If you plan to install siding, plastering is not carried out. When installing this element, be sure to leave a gap for ventilation of the facade.

Common mistakes when insulating the outside walls of a house:

  • Temperature mismatch. Many people work in extreme heat or cold weather. This is prohibited; the quality of the material is significantly reduced.
  • Poor quality of wall preparation. The first stage is the most important. If the walls are not prepared well enough, after a while many nuances that have not been eliminated will become apparent.
  • No starting bar. The element is required; it performs many useful functions. Without it, the insulation will quickly become unusable or move down.
  • Incorrect installation of slabs. Be sure to secure them in a checkerboard pattern.
  • Incorrect application of glue. The sheet may become deformed if the adhesive is applied incorrectly.
  • Incorrect placement of insulation sheets.

If you carry out the work in accordance with the described plan, there should not be any troubles in the future. It is worth taking into account possible errors so that the fastening of the material is reliable and the quality of work is as high as possible.

A house that has a modern heating system will not become a comfortable home if competent work is not done to insulate it. Great attention should be paid to insulating a house. After all, external thermal insulation will protect your home from the effects of precipitation and will save money on its heating. In addition, external insulation with mineral wool will help save the internal living space in the house. The most popular insulation today is mineral wool. Therefore, together with the site, we will figure out how to insulate a house with mineral wool from the outside.

Advantages of mineral wool

Mineral wool for thermal insulation and insulation of a house is the right solution. And all because this material has many advantages. Today it is worth listing the most important advantages. So, mineral wool has:

  1. Low thermal conductivity and high thermal insulation.
  2. Excellent soundproofing characteristics.
  3. High level of fire safety. It is worth noting that this material is not capable of supporting combustion.
  4. Easy installation. Cotton wool is produced in the form of a roll or slabs. Therefore, you can choose any convenient option for covering your house.
  5. Good vapor permeability. An object covered with mineral wool is able to “breathe”.
  6. Absolute environmental safety. Mineral wool is a completely safe material for humans. This insulation only releases harmful substances into the atmosphere when heated above +300 degrees.

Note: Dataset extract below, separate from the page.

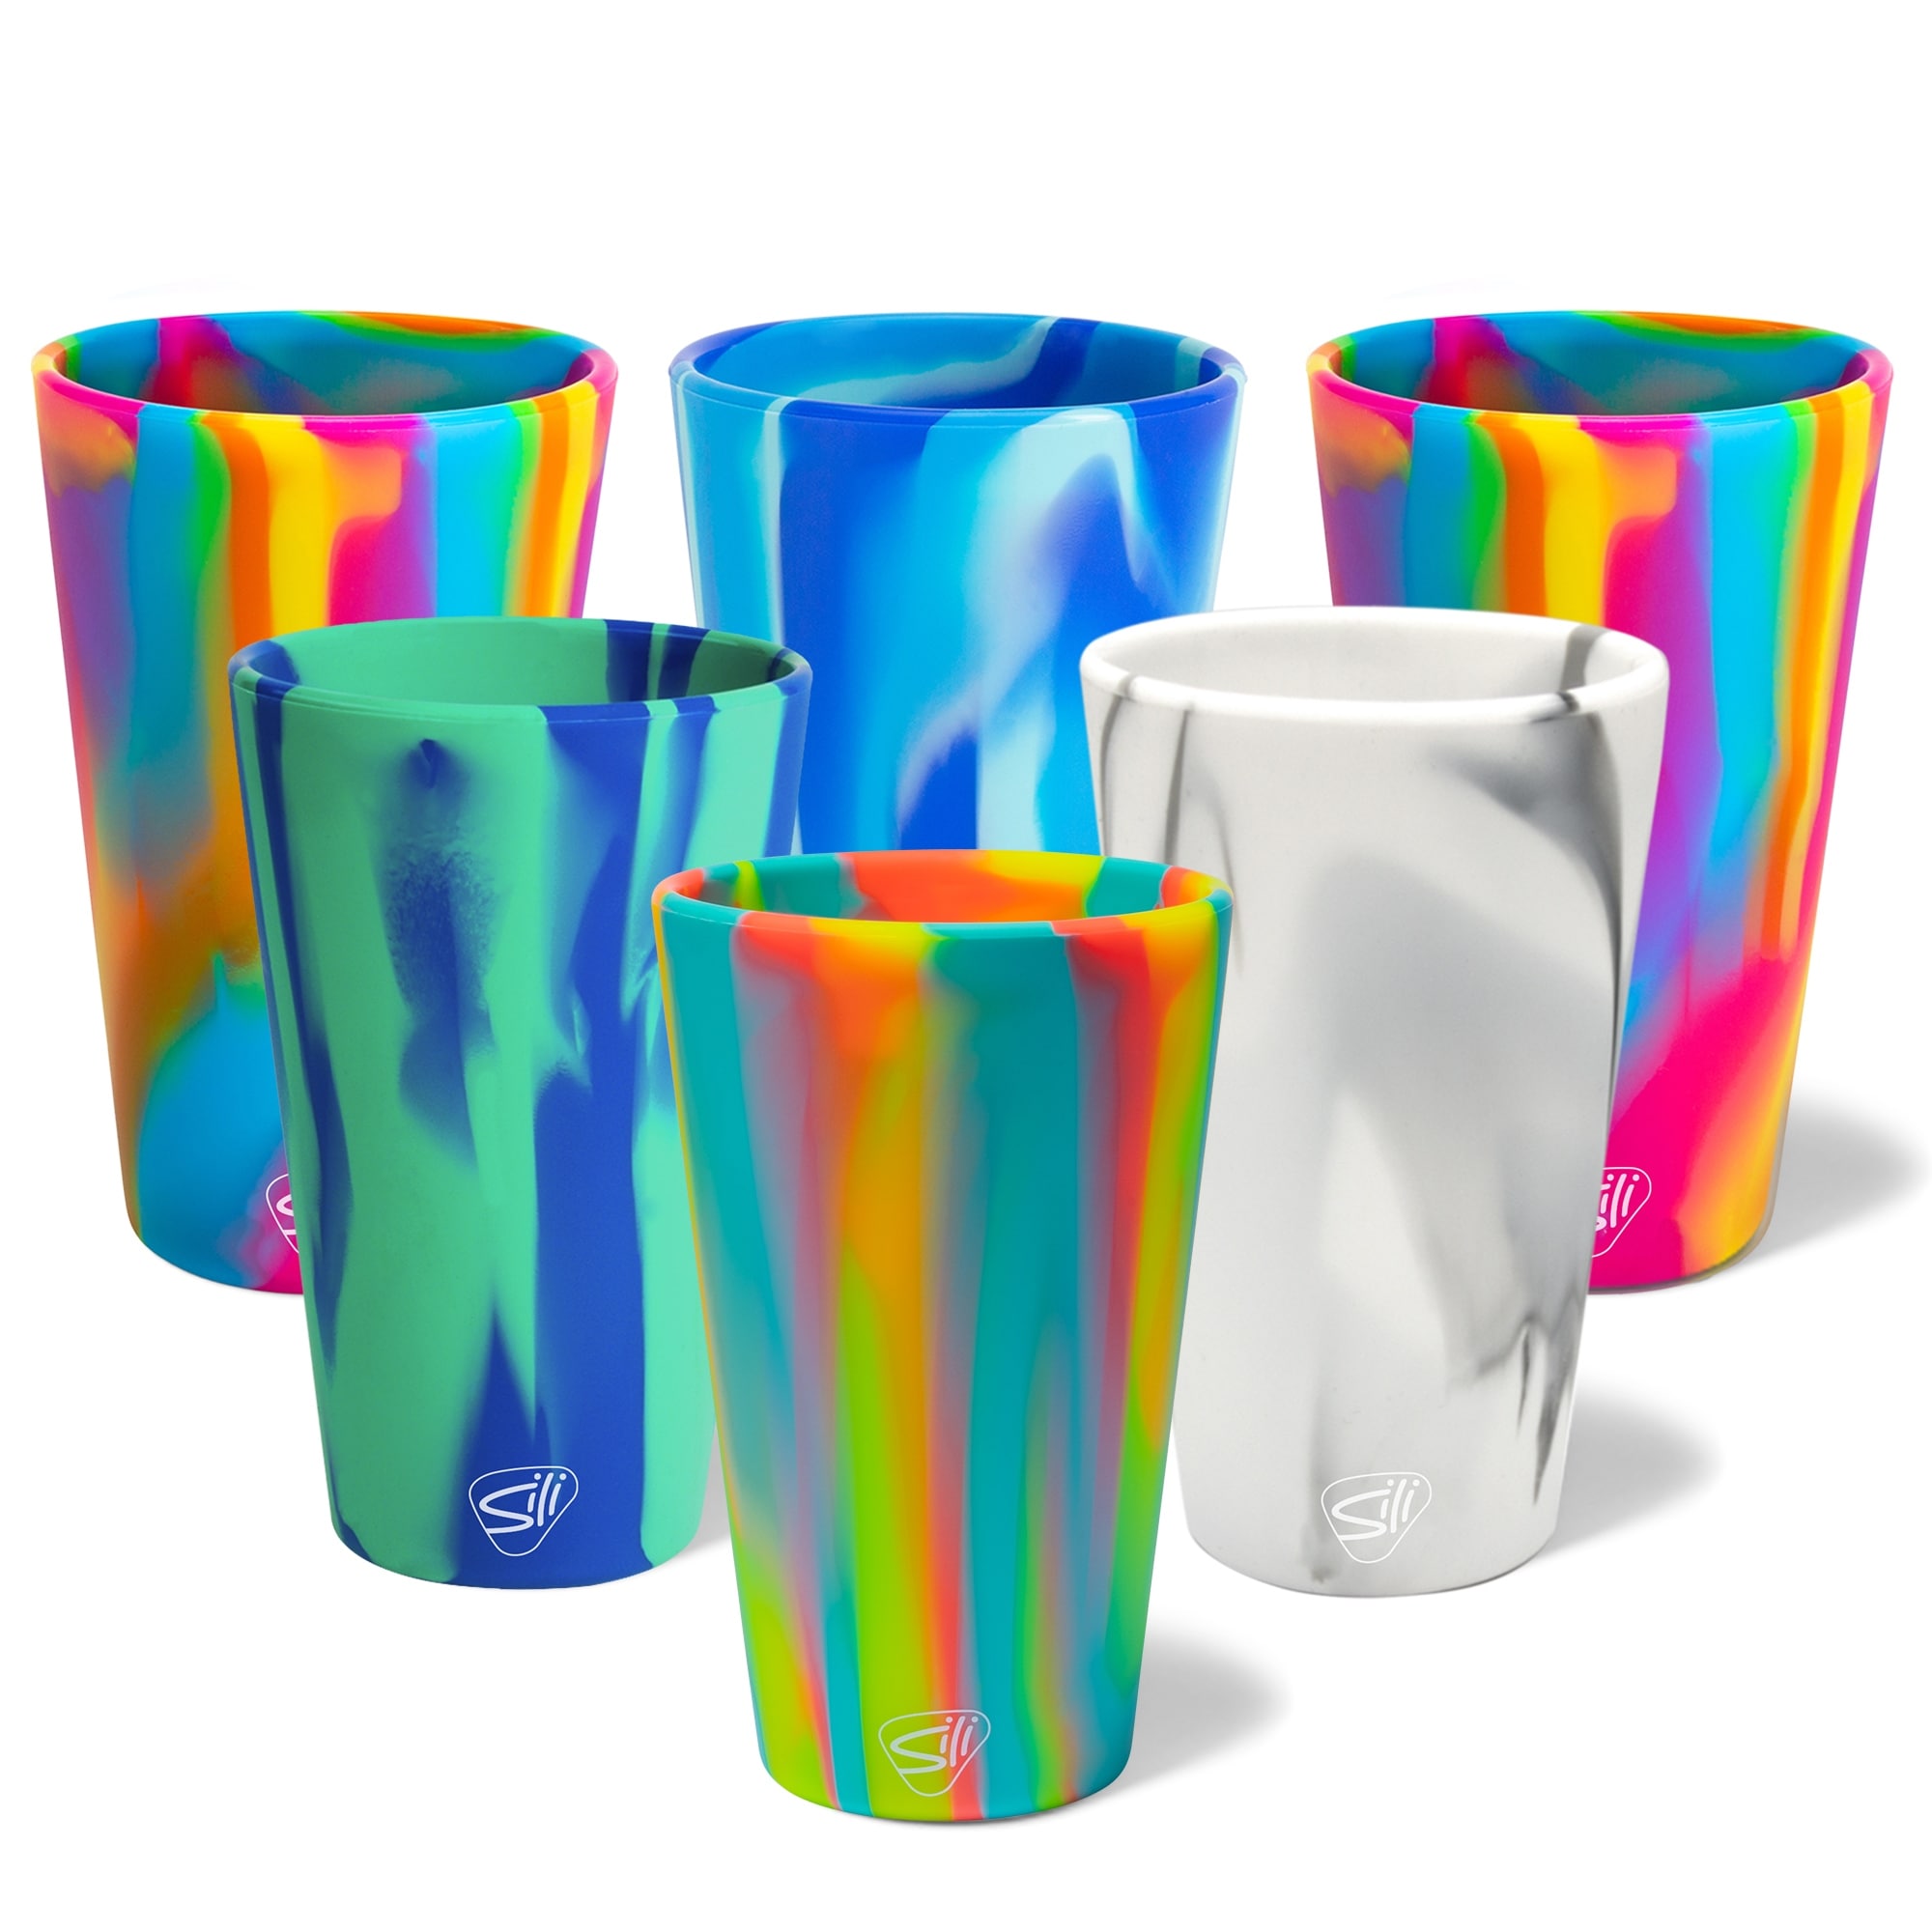 Silipint Silicone Pint Glasses: 6 Pack -Sugar Rush, Headwaters

Mineral wool is available in three versions. There are: basalt, fiberglass and slag mineral wool. Basically, basalt mineral wool is chosen for home insulation. It is this version of the insulation that has the most modern technical characteristics. In particular, this insulation has a low level of thermal conductivity and other modern characteristics.

It must be said that mineral wool for insulating external walls has properties that differ significantly from the properties of modern internal insulation materials. In particular, wool for insulating external facades has a good ability to repel moisture. In addition, this insulation has a high level of density.

We must not forget that using mineral wool has some disadvantages. But there is no need to worry too much. After all, if you follow the correct installation technology, you can eliminate every negative aspect. The negative aspects include the fact that the volume of insulation can change in the absence of a reinforcing layer. It is worth noting that when the volume of insulation changes, cracks form. In addition to this point, mineral wool not treated with a special compound loses its thermal insulation properties.

What to choose for facade insulation: mineral wool or polystyrene foam

Polystyrene foam and mineral wool are currently equally popular. These materials have many advantages. Therefore, every person has the right to choose. It is worth considering only the following recommendations. So, polystyrene foam and mineral wool have the same thermal conductivity characteristics. But polystyrene foam does not have good vapor permeability. Therefore, only mineral wool is suitable for insulating wooden houses.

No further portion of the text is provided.